THE TASK: Set down exactly the lines that run from the one containing "5G EMF Blocking" to the end of the material below, both included, without pictures.
** Opening COLLECTED DATA block **
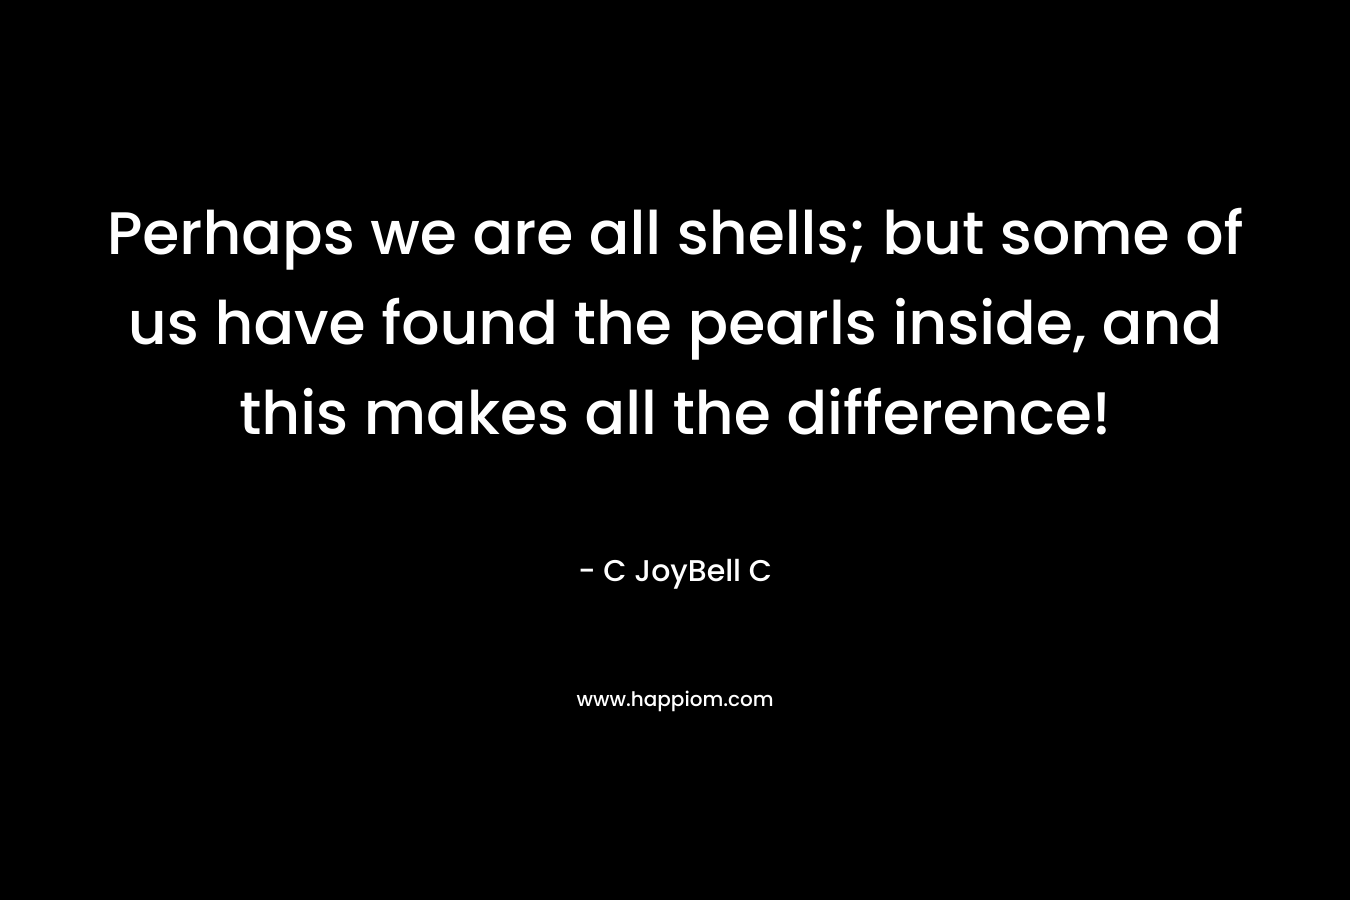 Perhaps we are all shells; but some of us have found the pearls inside, and this makes all the difference! – C JoyBell C
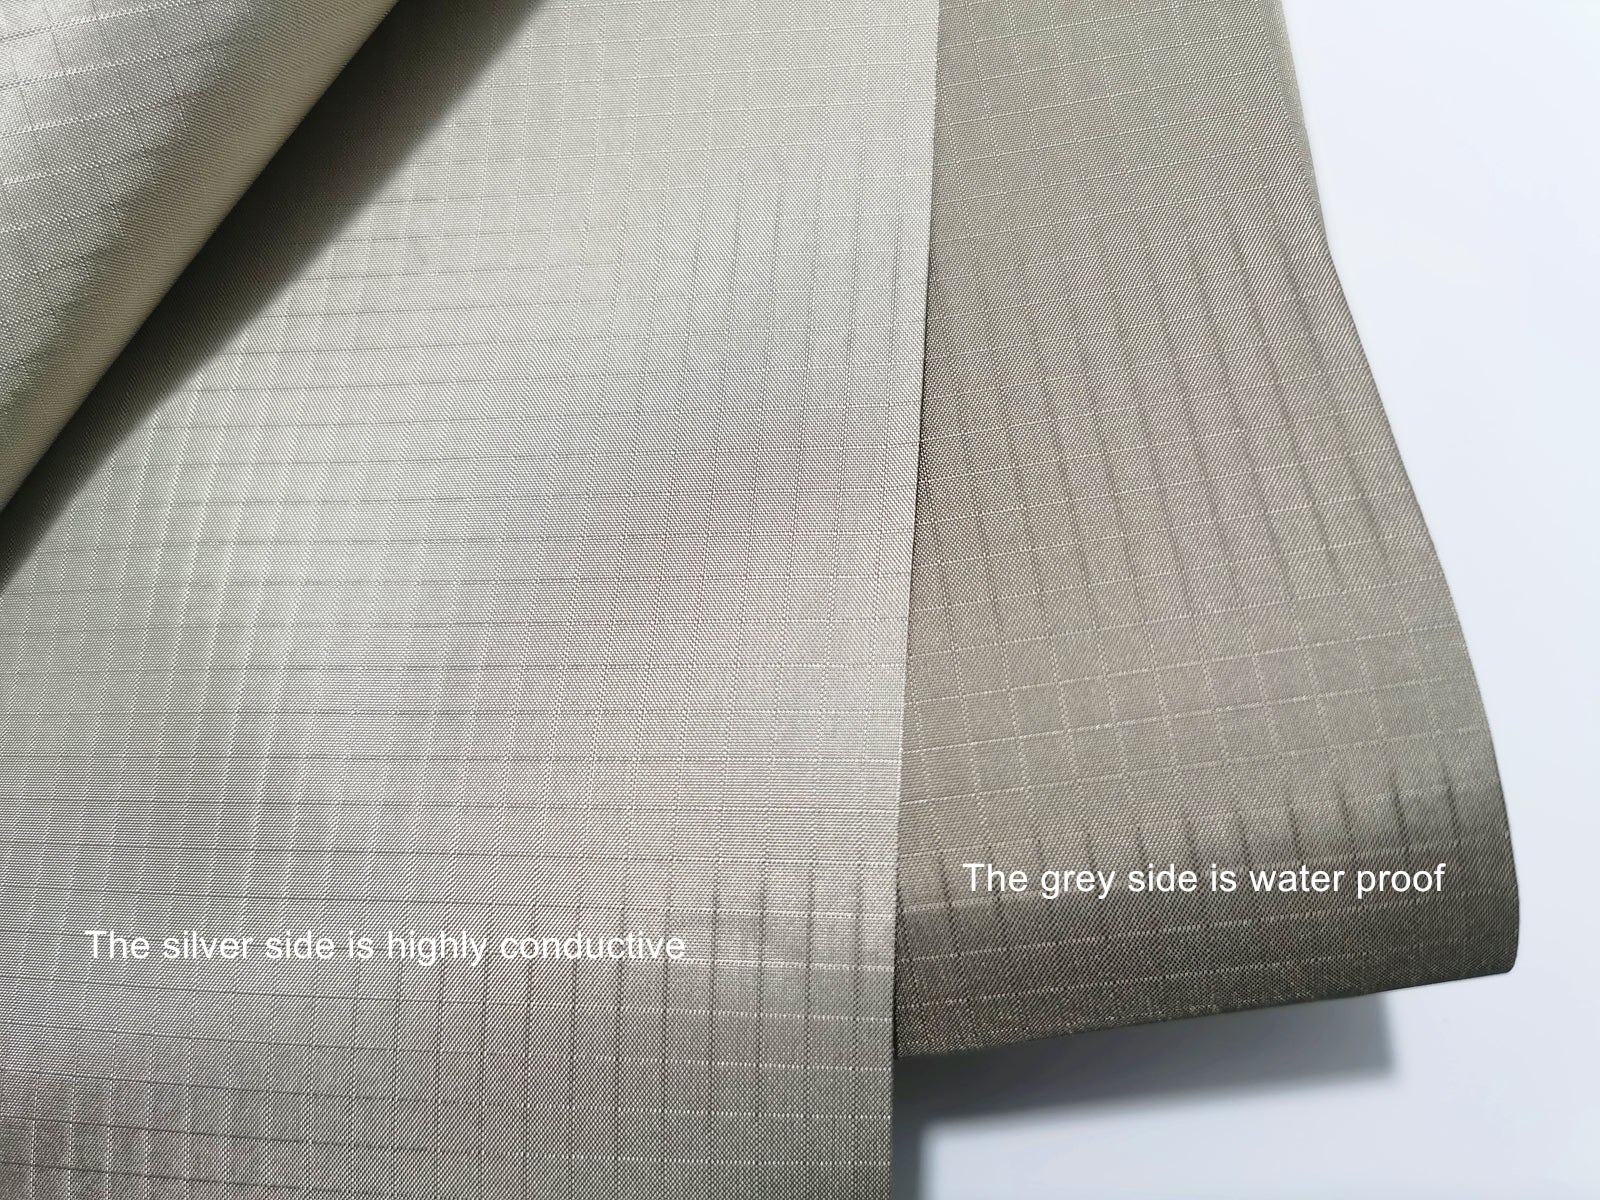 5G EMF Blocking Fabric for Electromagnetic Shielding Effectiveness Waterproof Indoor and Outdoor Usage
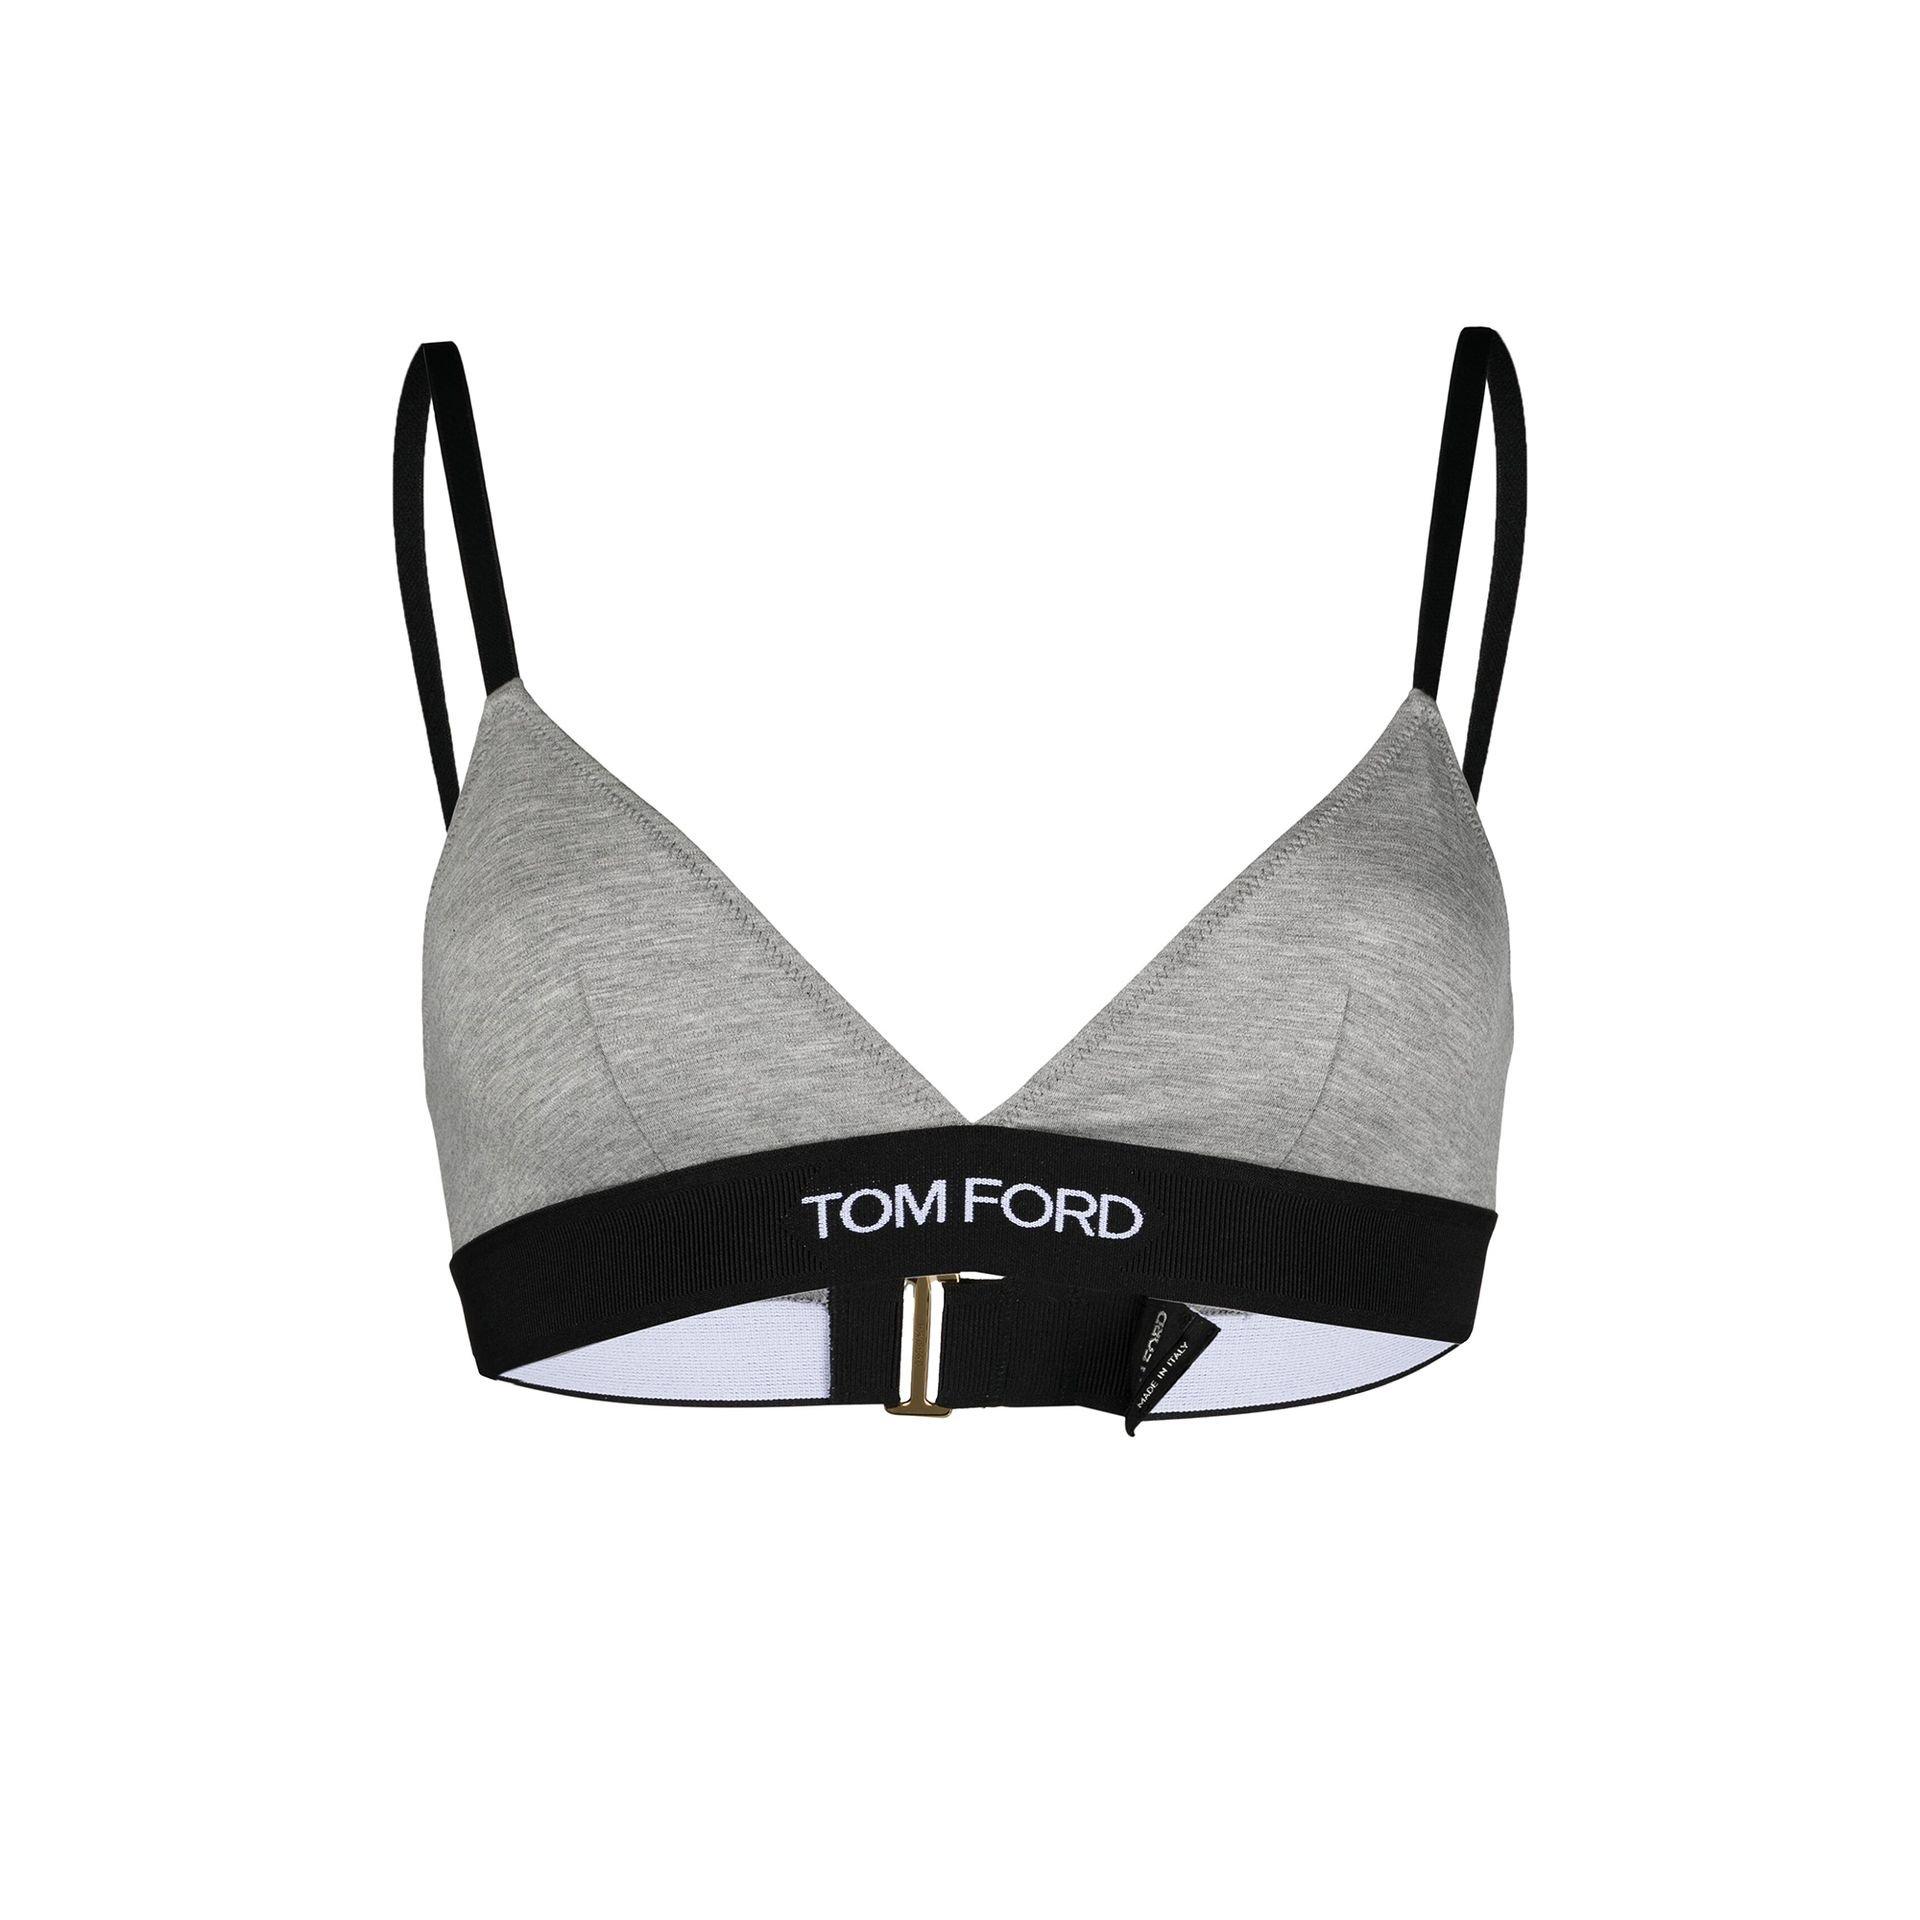 Tom Ford Logo Jersey Triangle Bra in Natural Womens Lingerie Tom Ford Lingerie
** Closing COLLECTED DATA block **
YOUR RESPONSE:
 5G EMF Blocking Fabric for Electromagnetic Shielding Effectiveness Waterproof Indoor and Outdoor Usage
 Tom Ford Logo Jersey Triangle Bra in Natural Womens Lingerie Tom Ford Lingerie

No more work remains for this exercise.